BERLIN (Reuters) - Support for German Chancellor Angela Merkel's conservatives has slumped three percentage points in a week to its lowest in over a year, a poll released on Wednesday showed, with the ecologist Greens just four points behind them.

Facing a federal election in September without Merkel, who is standing down after four terms, her Christian Democrats (CDU) and their Bavarian CSU sister party - together dubbed the 'Union' - have dropped to 26%, the Forsa poll showed.

With popular frustration growing over the Merkel government's management of the coronavirus crisis, the conservative alliance has seen its support fall nine points in a month to a level not seen since early March last year.

"Union in free fall," ran a headline on Focus Online, an online magazine.

The CDU suffered historic defeats in two state elections earlier this month, dogged by frustration over the slow rollout of COVID-19 vaccines and extended lockdown measures, as well as a scandal over the procurement of face masks.

Support for the Greens rose 1 percentage point to 22%, according to the RTL/ntv-Trendbarometer survey conducted by pollster Forsa, which canvassed 2,511 voters on March 16-22.

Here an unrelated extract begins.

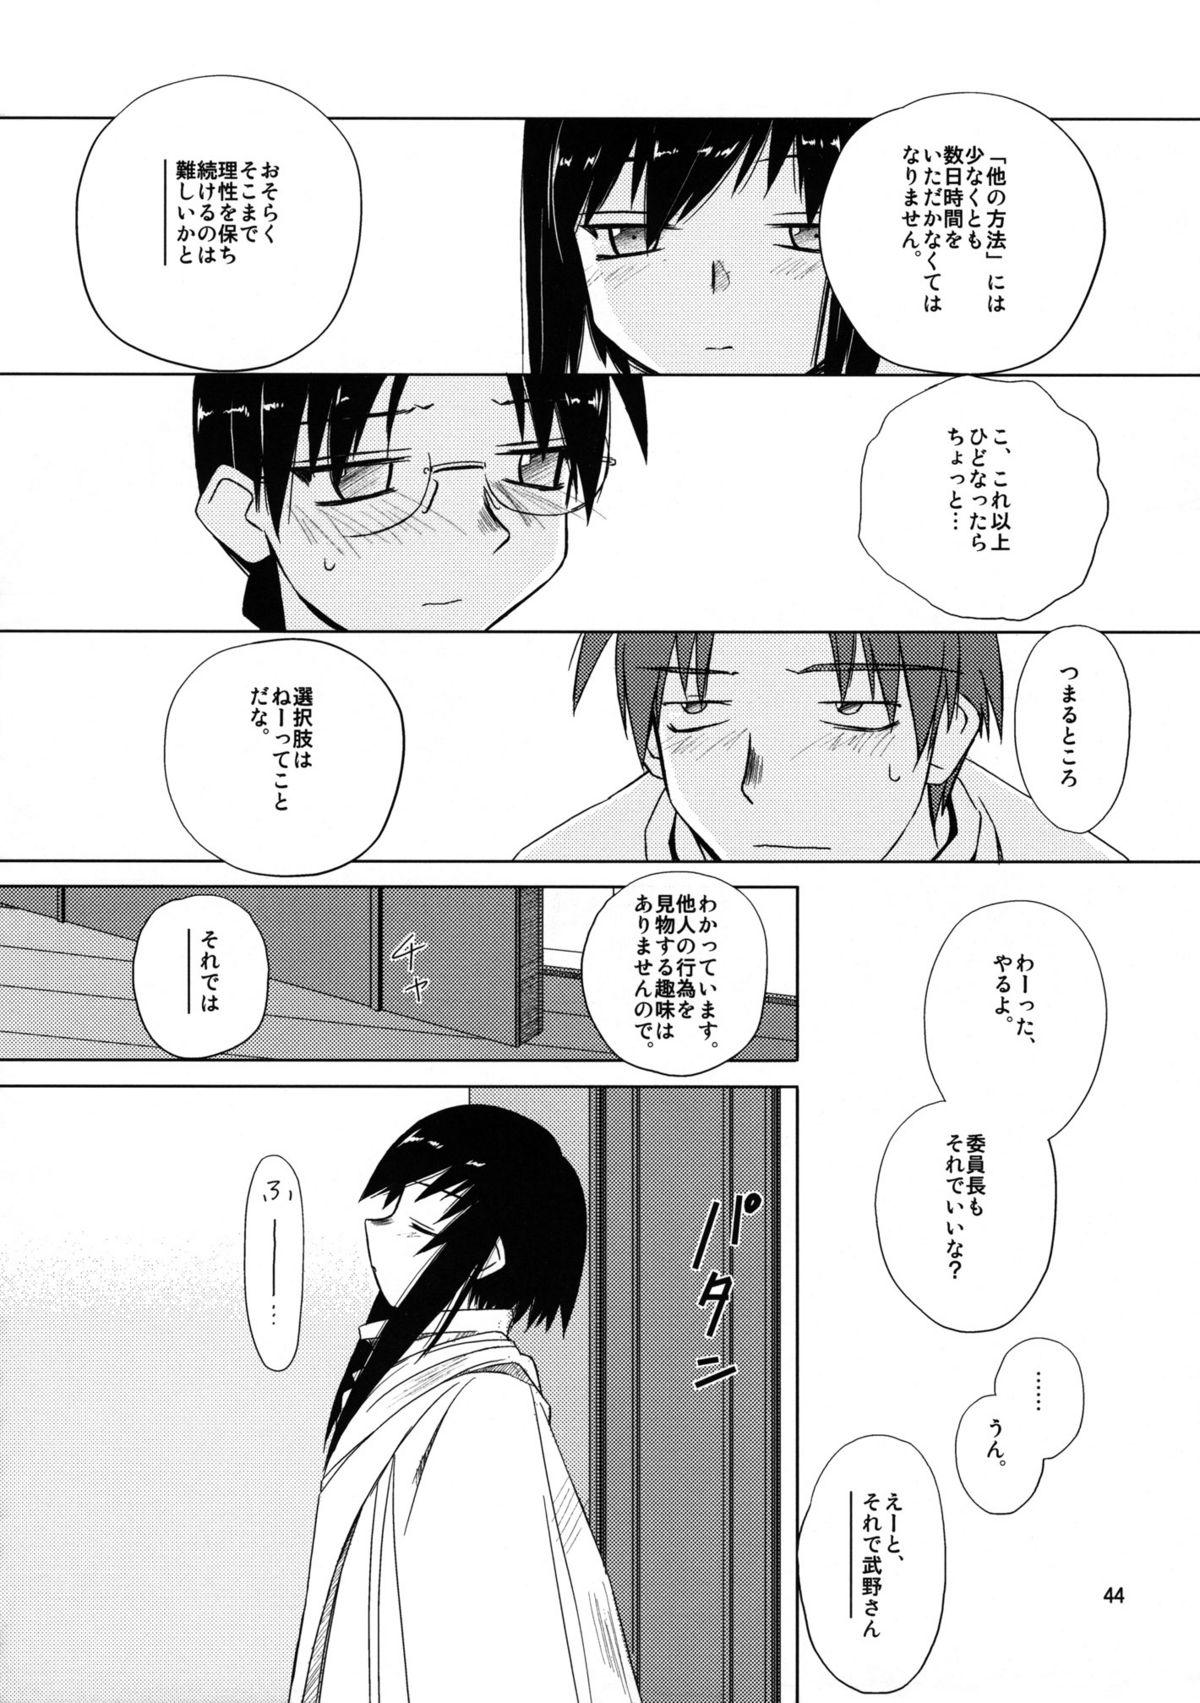 (C68) [Tear Drop (tsuina)] [C2] (To Heart) 44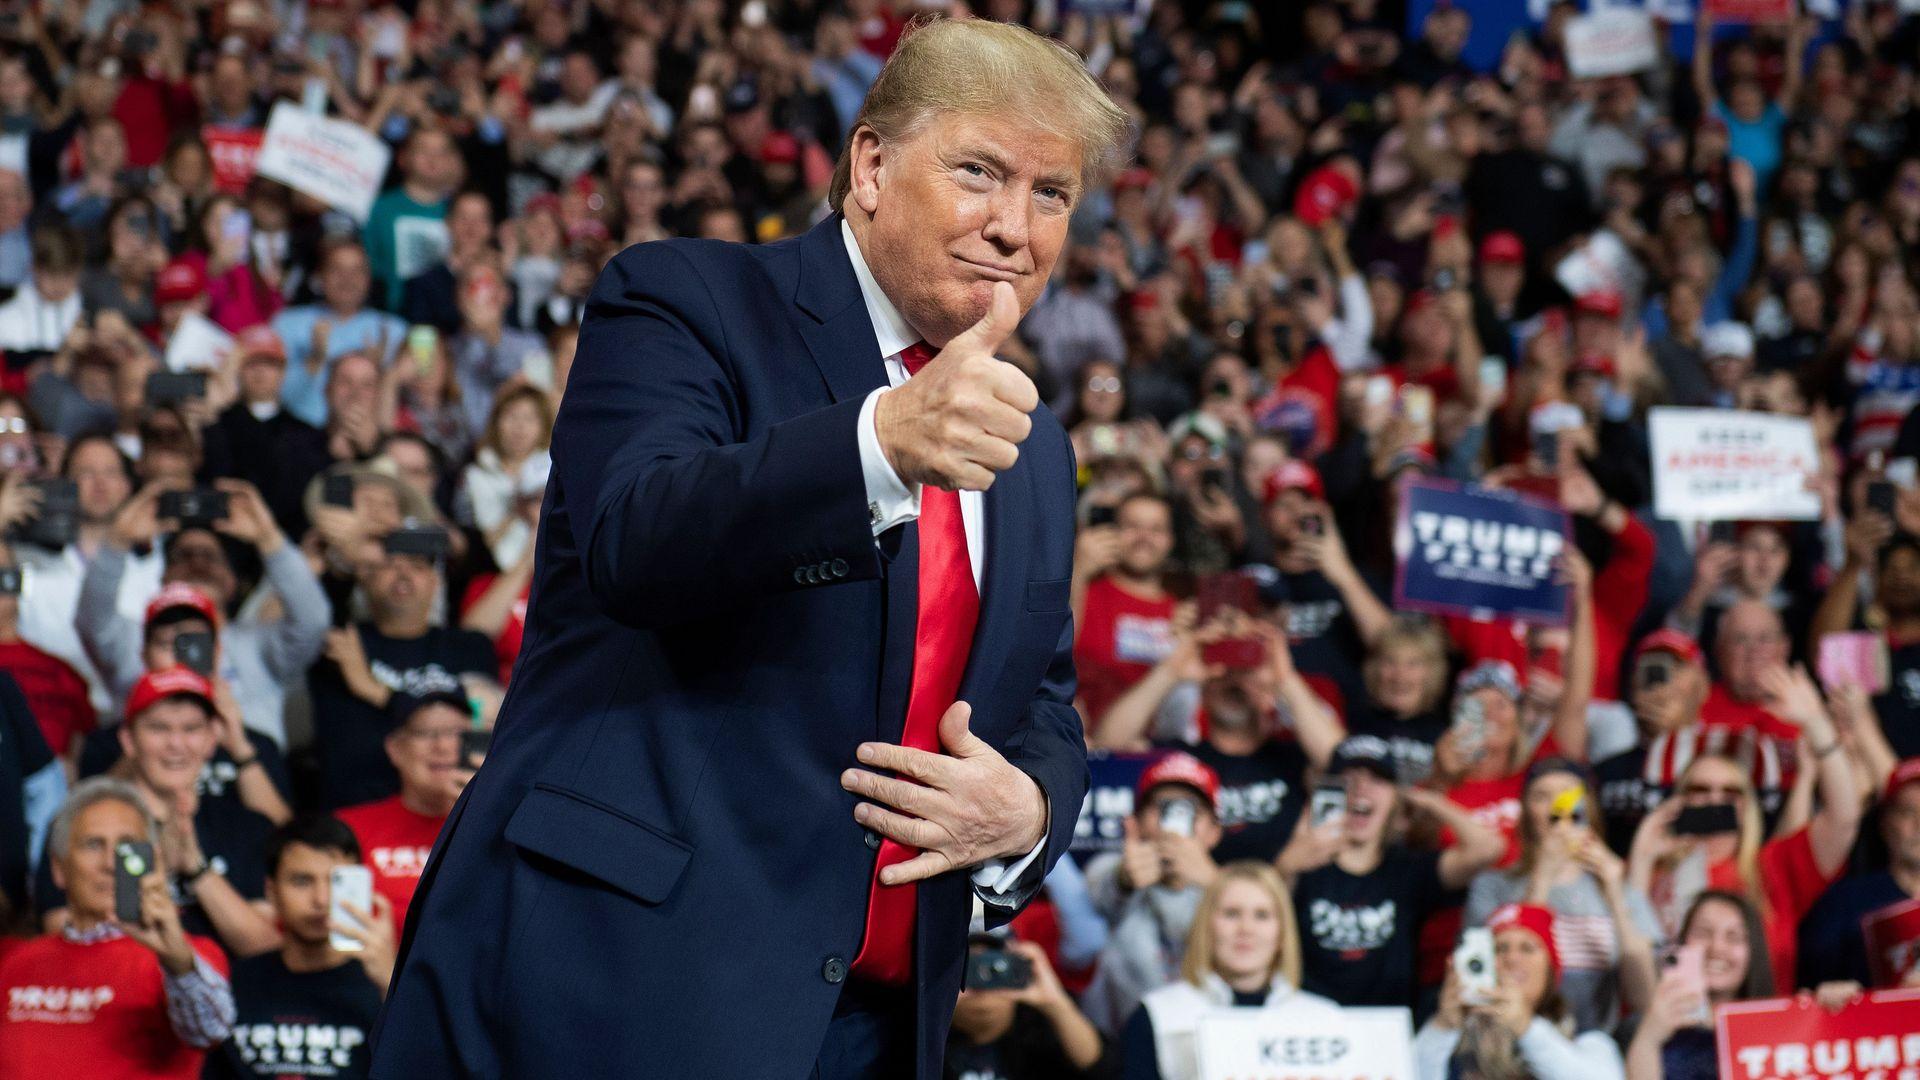 Poll: Confidence in economy boosts Trump's re-election prospects despite his unpopularity

The left-leaning Social Democrats (SPD), currently in an awkward 'grand coalition' with the Union, were steady at 16%. The business-friendly Free Democrats (FDP) rose two points to 10%. The far-right Alternative for Germany (AfD) and far-left Linke were unchanged on 10% and 8% respectively.

The poll would leave Merkel's conservative Union without sufficient support to form a coalition government with the FDP, their preferred ruling partner.

The Union could team up with the Greens, or the Greens and the FDP. After the 2017 election, the FDP walked out of coalition talks on such a three-way tie-up.

The fractured electoral landscape could also open up the scenario of an alliance between the Greens, SPD, and FDP, dubbed a 'traffic light' coalition after the parties' colours.